Pastors appeared in all these Churches very early after their organization, and the Hebrew Christians called them presbyters (elders) while the Gentile Churches called them bishops (overseers), the terms being interchangeable. The leaders or rulers of the synagogue were called presbyters, but they were not prototypes of the Christian presbyters, for there was next to nothing in common between the two. The synagogue could in no sense become the pattern of the Christian congregation, which was constituted for a different purpose, and demanded that freer and more independent form, which was in harmony with the genius of Christs more generous teaching.
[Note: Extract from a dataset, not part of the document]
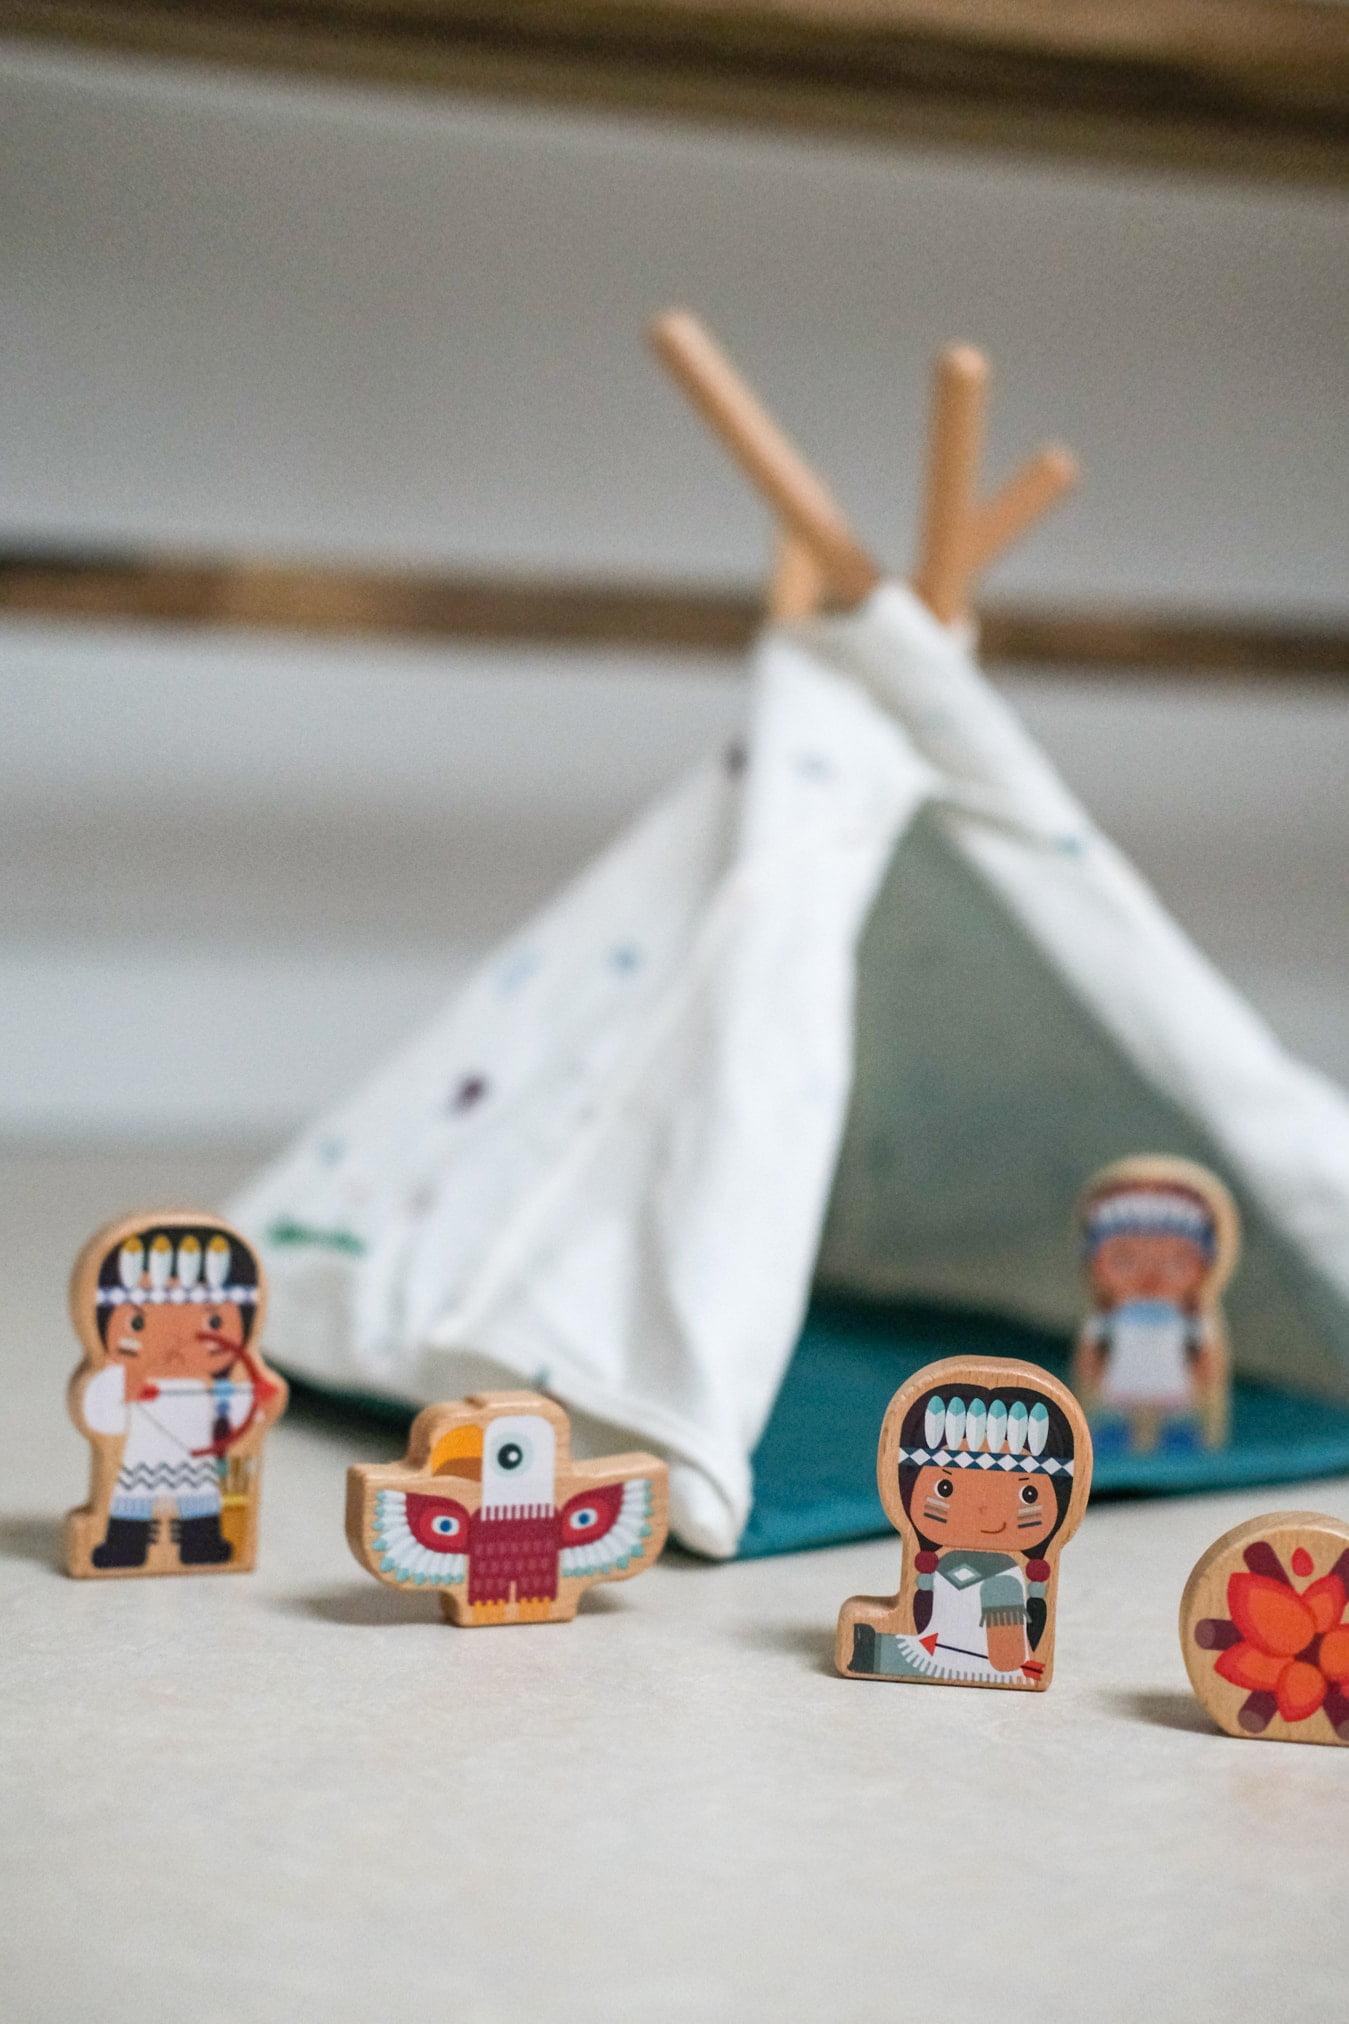 houten speelfiguren lilliputiens

Every one knew what parties were referred to in the Christian congregation when its elders were spoken of. But the Gentiles, who were not familiar with the peculiarity of Jewish titles and institutions, could not so well come to a knowledge of this spiritual office by the use of the word, when standing alone and unexplained. To them, the term elder expressed age, but little of fitness or rank. Another term was in use amongst the Greeks which exactly expressed the duties of the Christian presbyter, namely, the word episkopoi, overseer. With them, this was purely a civil and secular name, which was used in private associations, or in municipal and magisterial bodies. The superintendents of finance, of workmen, the inspectors of bread and produce, and the overseers of public affairs generally, were designated by this term. In fact, all persons who had oversight of affairs, either public or private, were known as bishops. For this reason the same class of men who were known as elders in the Jewish-Christian Churches, were called bishops, or overseers, in the Gentile Churches.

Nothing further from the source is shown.